On Tue, Jun 18, 2013 at 7:36 AM, Dilger, Andreas
<andreas.dilger@xxxxxxxxx> wrote:
> On 2013/17/06 2:52 AM, "Peng Tao" <bergwolf@xxxxxxxxx> wrote:
>
>>On Thu, Jun 13, 2013 at 9:56 AM, Fengguang Wu <fengguang.wu@xxxxxxxxx>
>>wrote:
>>> Greetings,
>>>
>>> I got the below dmesg and the first bad commit is
>>>
>>Hi Fengguang,
>>
>>Thanks for reporting and my apology for the late reply.

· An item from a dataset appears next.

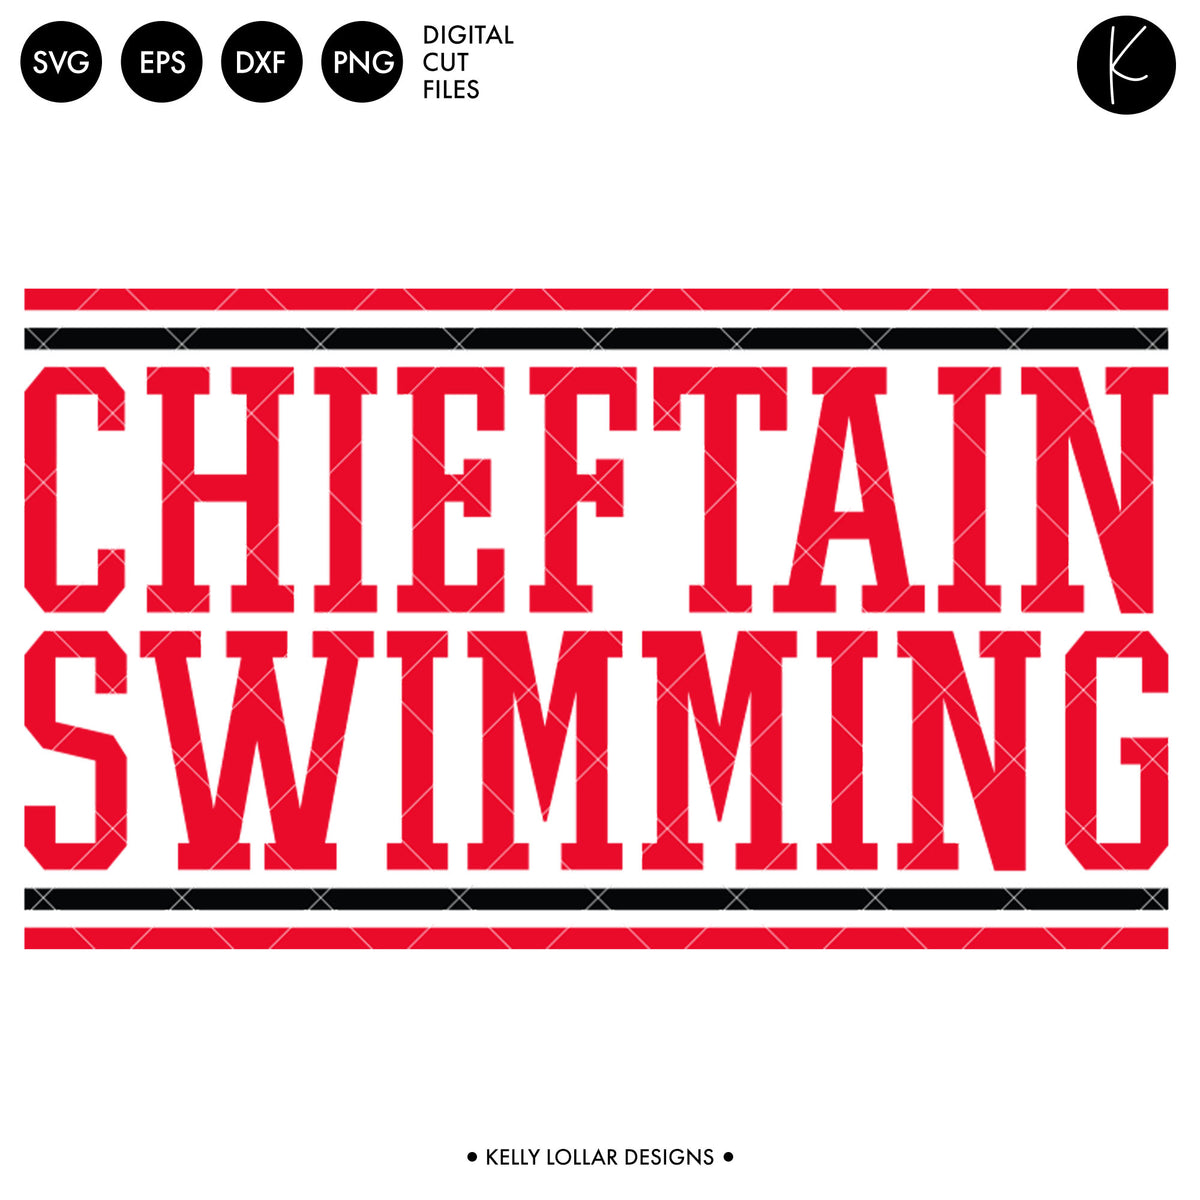 Chieftains Swim Bundle | SVG DXF EPS PNG Cut Files
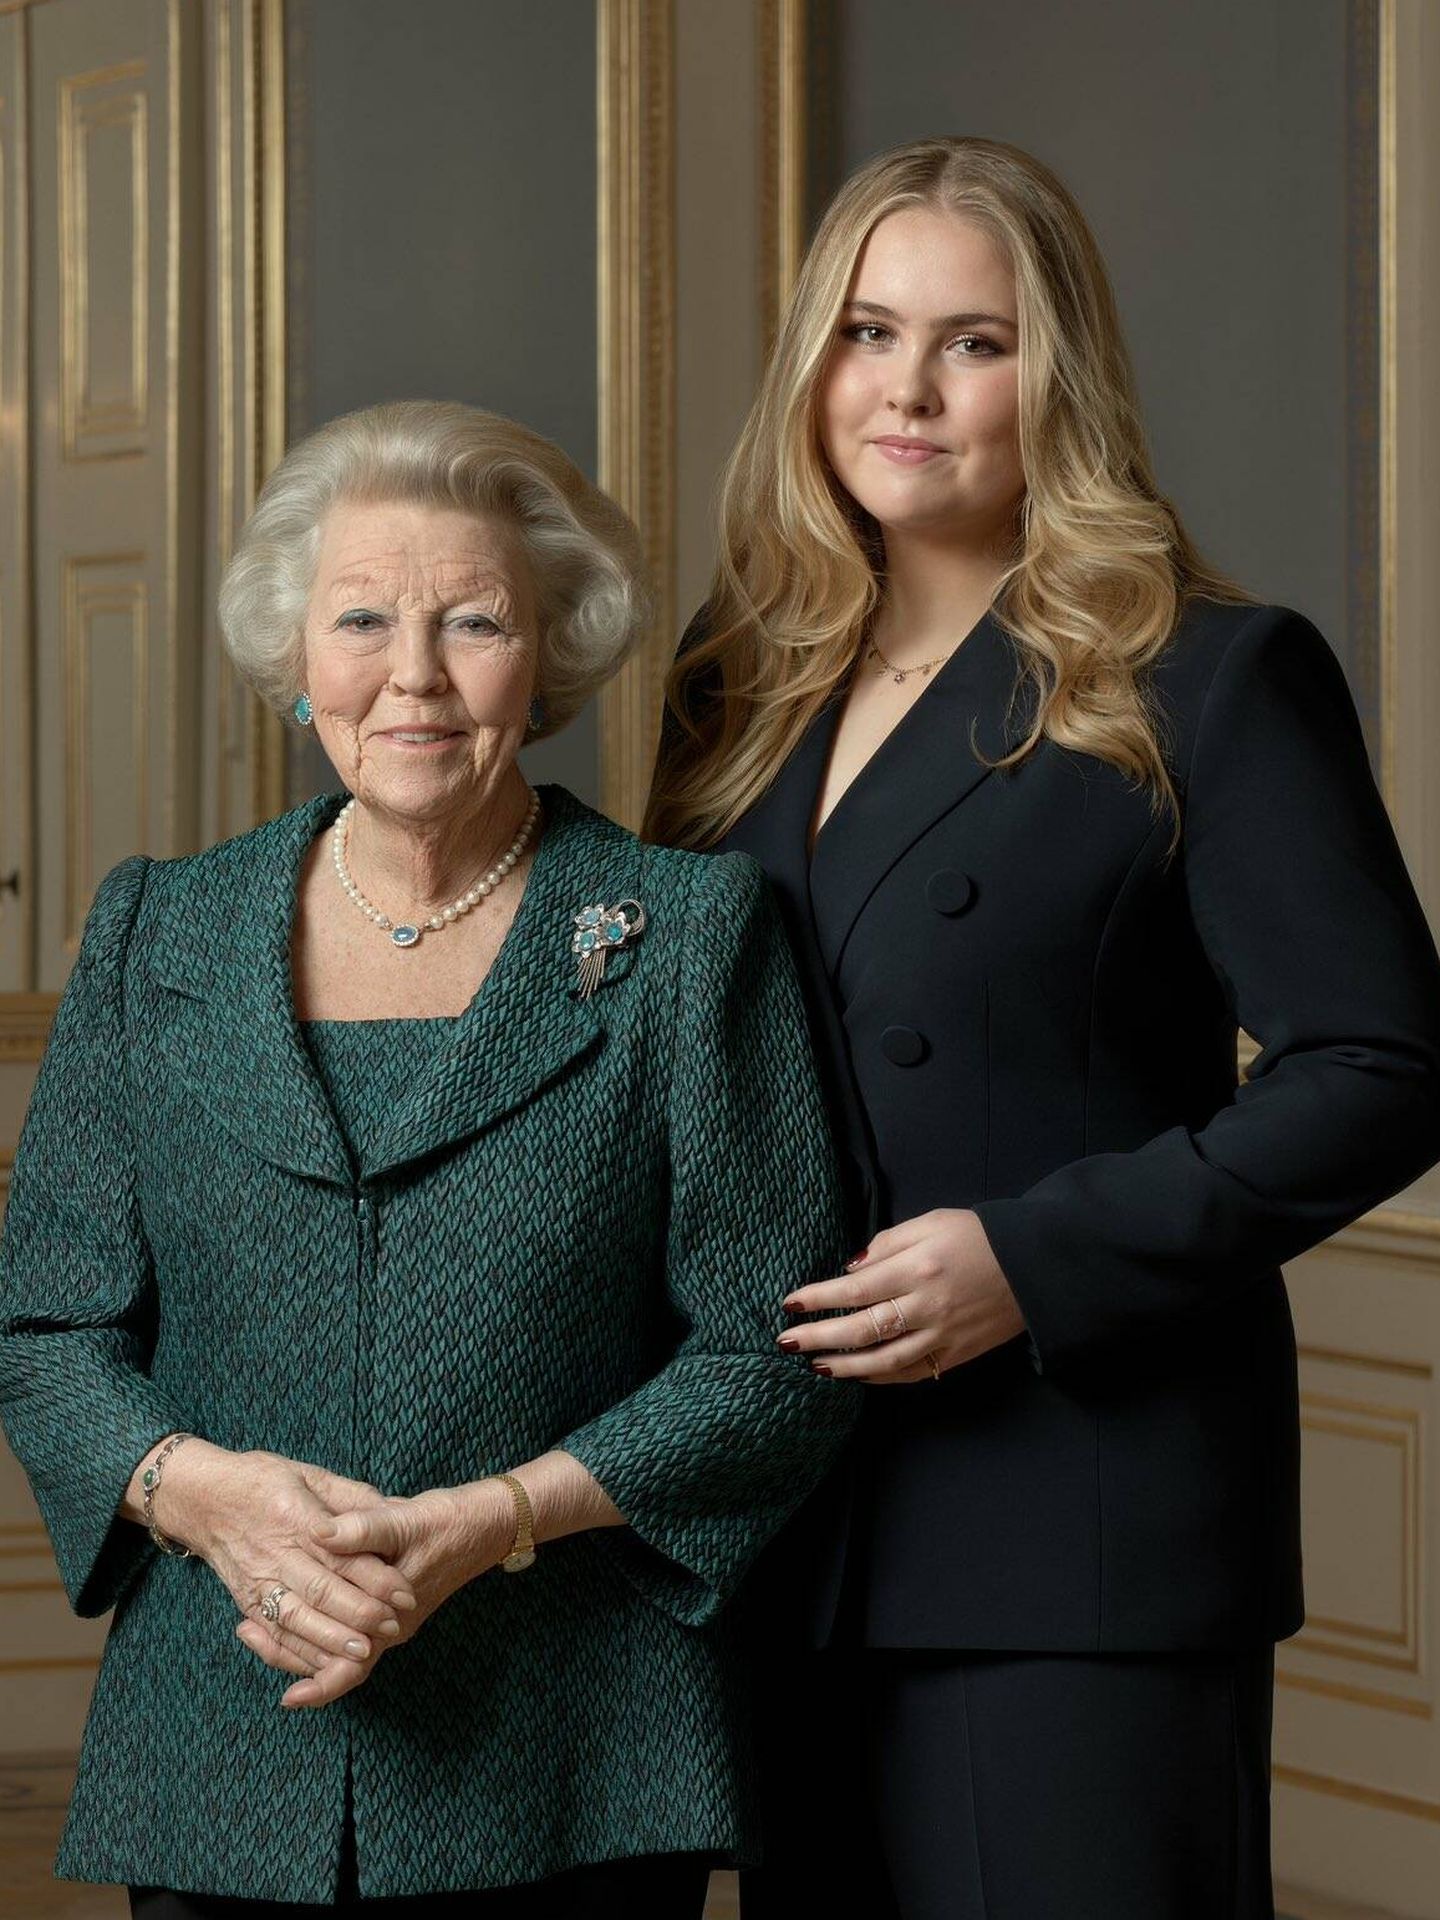 La princesa Amalia con su abuela, quien fuera la reina Beatriz. (Casa Real de Holanda)

I was out of
>>town last week.
>>
>>> commit ee04fd11f11fb67ff0ae482a6710f97f499c19e2
>>> Author: Peng Tao <bergwolf@xxxxxxxxx>
>>> Date: Thu Jun 6 22:59:14 2013 +0800
>>>
>>> Revert "Revert "staging/lustre: drop CONFIG_BROKEN dependency""
>>>
>>> This reverts commit 37d4093fd34775bbbf99bddb84a711bdb3ec6d5c.
>>>
>>> I've verified that we now don't break build on X86_64 allmodconfig.
>>>
>>> Cc: Stephen Rothwell <sfr@xxxxxxxxxxxxxxxx>
>>> Signed-off-by: Peng Tao <tao.peng@xxxxxxx>
>>> Signed-off-by: Andreas Dilger <andreas.dilger@xxxxxxxxx>
>>> Signed-off-by: Greg Kroah-Hartman <gregkh@xxxxxxxxxxxxxxxxxxx>
>>>
>>> [ 16.644069] alg: No test for adler32 (adler32-zlib)
>>> [ 24.640247] ------------[ cut here ]------------
>>> [ 24.640960] WARNING: at /c/kernel-tests/src/tip/kernel/mutex.c:341
>>>mutex_lock_nested+0x1cb/0x526()
>>> [ 24.642199] DEBUG_LOCKS_WARN_ON(l->magic != l)
>>This indicated that the_lnet.ln_lnd_mutex is not initialized but I am
>>confused because socklnd depends on lnet that is in charge of
>>initializing many things include the ln_lnd_mutex. If lnet is not
>>initialized, socklnd should not be called. And Lustre was built
>>in-kernel as shown in the config file. Does that mean module
>>dependency no longer works? I don't think so, but not sure how kernel
>>decides dependency if drivers are built-in.
>>
>>Andreas, any ideas?
>
> I don't think Lustre has ever been built into the kernel, only as modules.
> It seems possible that the LNet initialization routines are not called
> properly in this case? They _should_ be marked __init, but maybe there is
> some bug related to this.
>
I managed to reproduce it by building Lustre into the kernel. So
Fengguang's report is valid. Thank you both.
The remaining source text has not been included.